An Effective and Accurate Bug Triage System with Software Data Reduction Techniques

(1)

An Effective and Accurate Bug Triage System

with Software Data Reduction Techniques

Varsha Bongane 1, S.B.Natikar 2

P.G. Student, Department of Computer Engineering, VACOE, Ahmednagar, Maharashtra, India1

Associate Professor, Department of Computer Engineering, VACOE, Ahmednagar, Maharashtra, India2

ABSTRACT: The procedure of altering bug will be bug triage, which expects to effectively allot a designer to another bug. Programming organizations spend the greater part of their expense in managing these bugs. To decrease time and cost of bug triaging, we introduce a programmed way to deal with anticipate an engineer with important experience to explain the new coming report. In proposed approach we are doing information diminishment on bug information set which will decrease the size of the information and in addition build the nature of the information. We are utilizing occasion determination and highlight choice all the while with verifiable bug information. We have included another module here which will portray the status of the bug such as whether it relegated to any designer or not and it is redressed or not.

KEYWORDS: Mining software repositories, bug, bug triage, data reduction, bug data reduction, feature selection, instance selection, bug triage, prediction for reduction orders.

I. INTRODUCTION

A Bug storehouse assumes an essential part in overseeing programming bugs. Numerous open source programming ventures have an open bug archive that permits both engineers and clients to submit deserts or issues in the product, propose conceivable improvements, and remark on existing bug reports. For open source extensive scale programming extends, the quantity of every day bugs is so expensive which makes the triaging handle extremely troublesome and testing [2]. Programming organizations spend more than 45 percent of expense in settling bugs. There are two difficulties identified with bug information that might influence the viable utilization of bug vaults in programming improvement assignments, in particular the substantial scale and the low quality. In a bug storehouse, a bug is kept up as a bug report, which records the printed depiction of recreating the bug and upgrades as indicated by the status of bug altering [1].

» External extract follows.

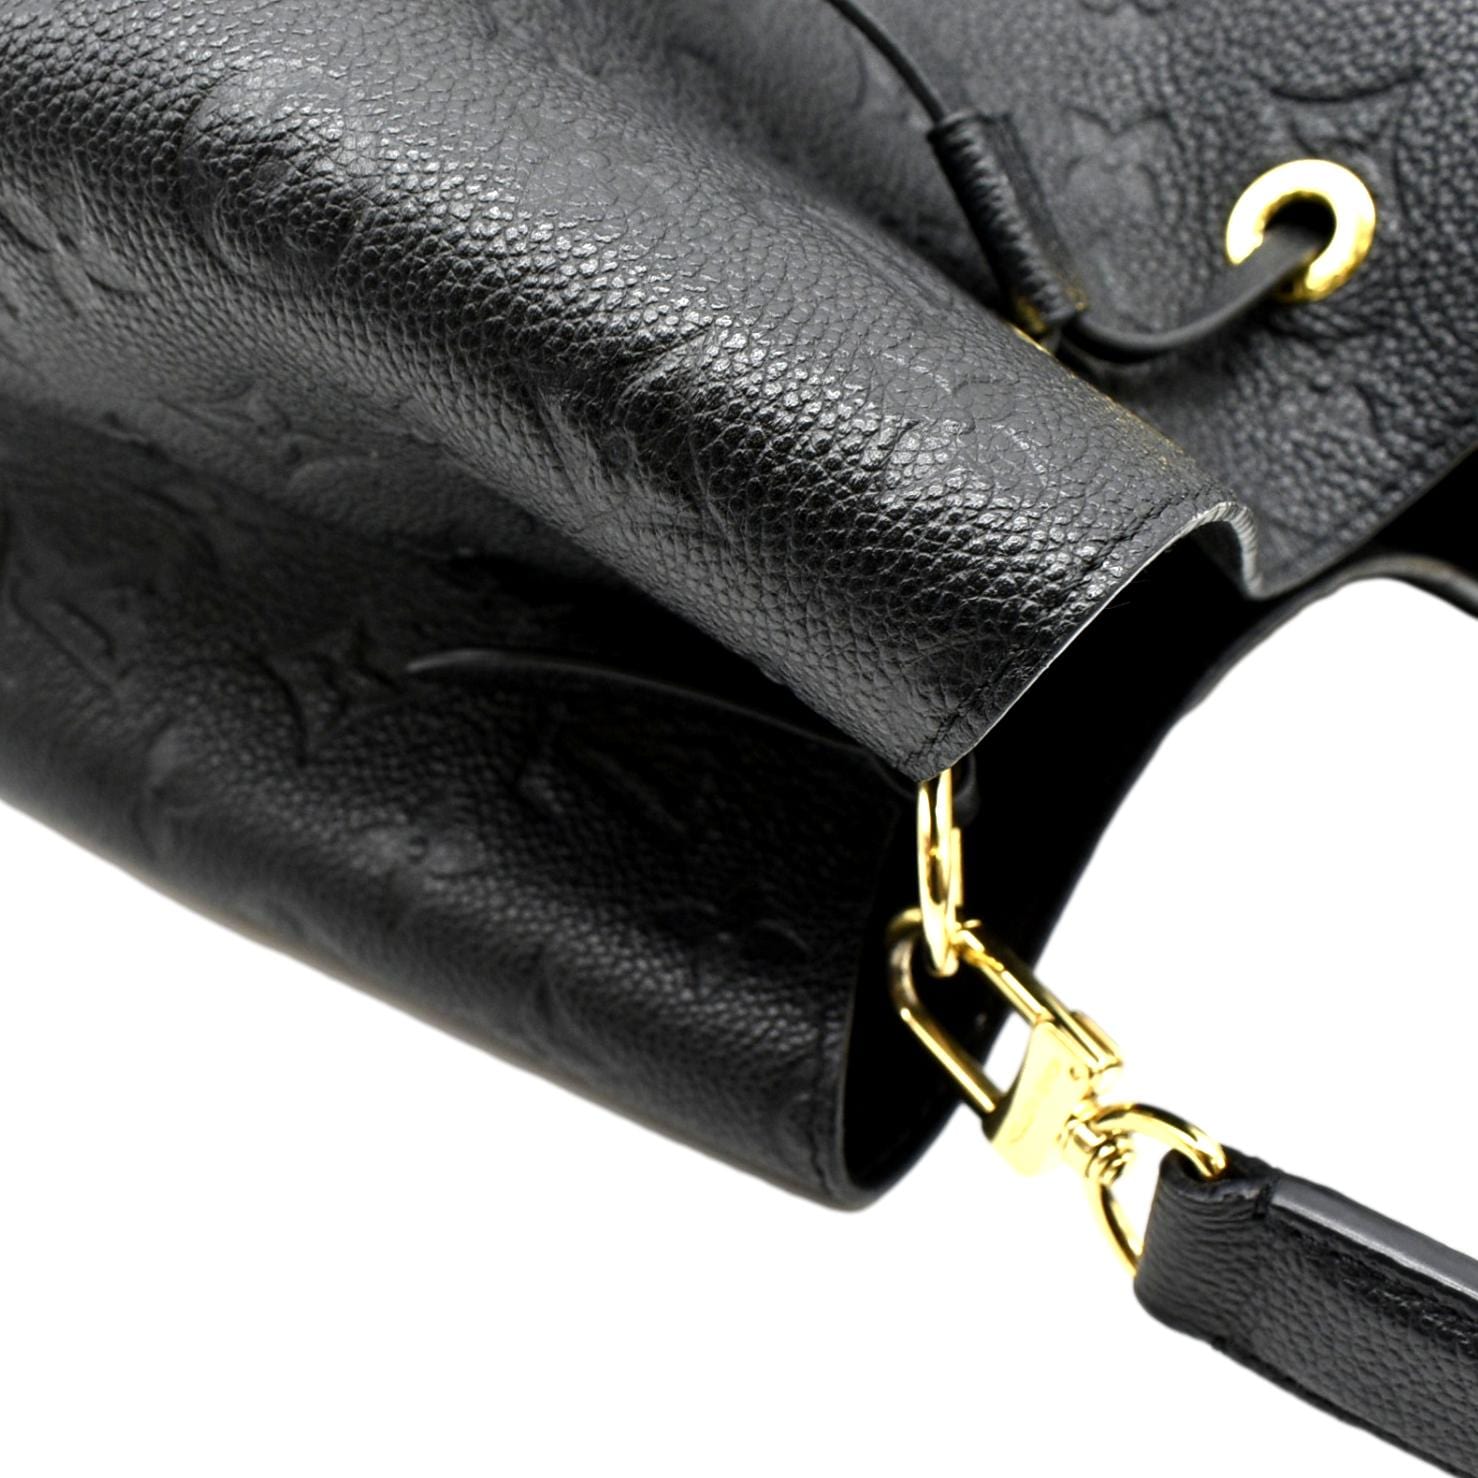 Louis Vuitton Neonoe MM in Empreinte Leather

Bug settling is a noteworthy and tedious procedure in programming support [3]. For a vast scale programming extend, the quantity of day by day bugs is large to the point that it is difficult to handle them without deferring [2]. The work of overseeing bugs expands the expense of programming quality upkeep [15]. Numerous product ventures utilize a bug following framework to store and oversee bugs presented by clients, including end clients, analyzers, and designers [1]. The bug following framework gives a stage, where clients can speak with one another amid the bug settling process. Bugzilla1 is such a bug following framework, which is utilized by numerous huge open source programming ventures. In light of the bug following framework, the engineers can without much of a stretch pursuit and keep up all the current bugs. Bug triage, an imperative stride for bug settling, is to appoint another bug to a significant designer for further taking care of [3]. A general technique for bug triage is to appoint bugs physically.

(2)

of bugs, it is important to gather vast scale preparing sets of bugs to acquire great results for bug triage [3]. For instance, in our tests, more than 9000 bug reports and 30000 words are utilized to prepare a classifier for Eclipse. It might cost much time to specifically utilize the extensive scale preparing set in the bug triage process. Then again, the nature of the first bug reports is sufficiently bad. Low quality bug reports might misdirect the triage way to deal with appoint bugs to wrong designers[6].

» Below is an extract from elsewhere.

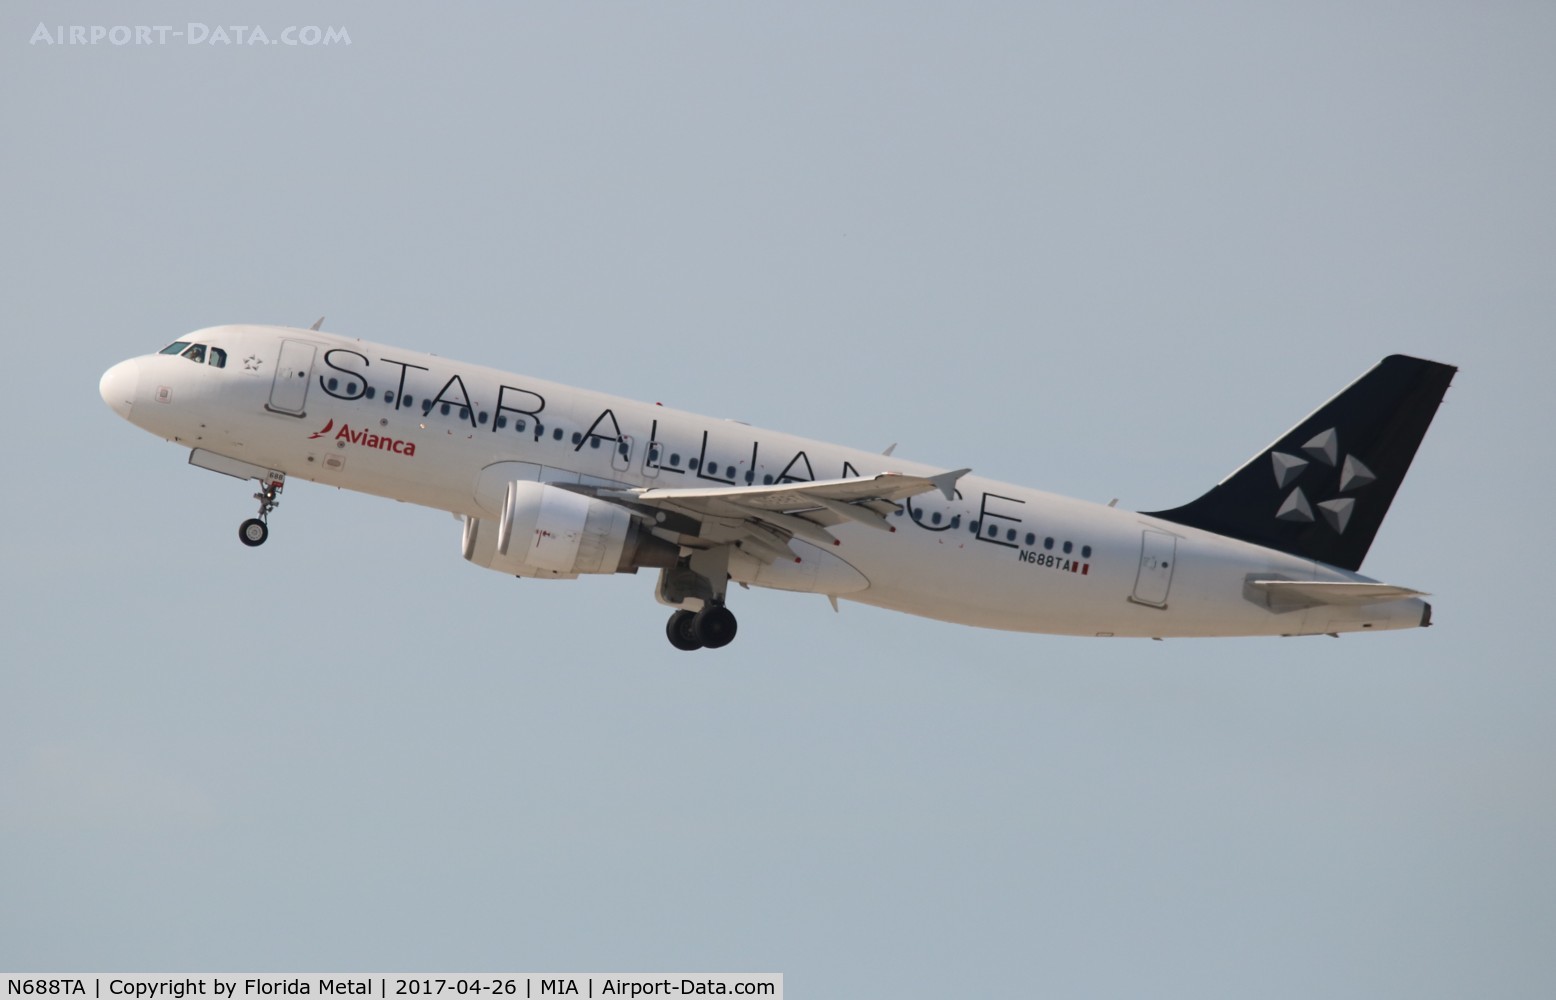 N688TA, 2012 Airbus A320-214 C/N 5243, Avianca Star Alliance

Essential commitment of this paper is as take after:

Here we are utilizing highlight choice and example determination with verifiable information for decreasing the bug information in bug vault so we get quality information and also low scale information. We are likewise including a chart module for speaking to the bug report’s.

 We propose the preparation set diminishment approach for bug triage by consolidating highlight choice with

example choice. As far as anyone is concerned, this is the main work to enhance the execution of bug triage by diminishing the size of the preparation set.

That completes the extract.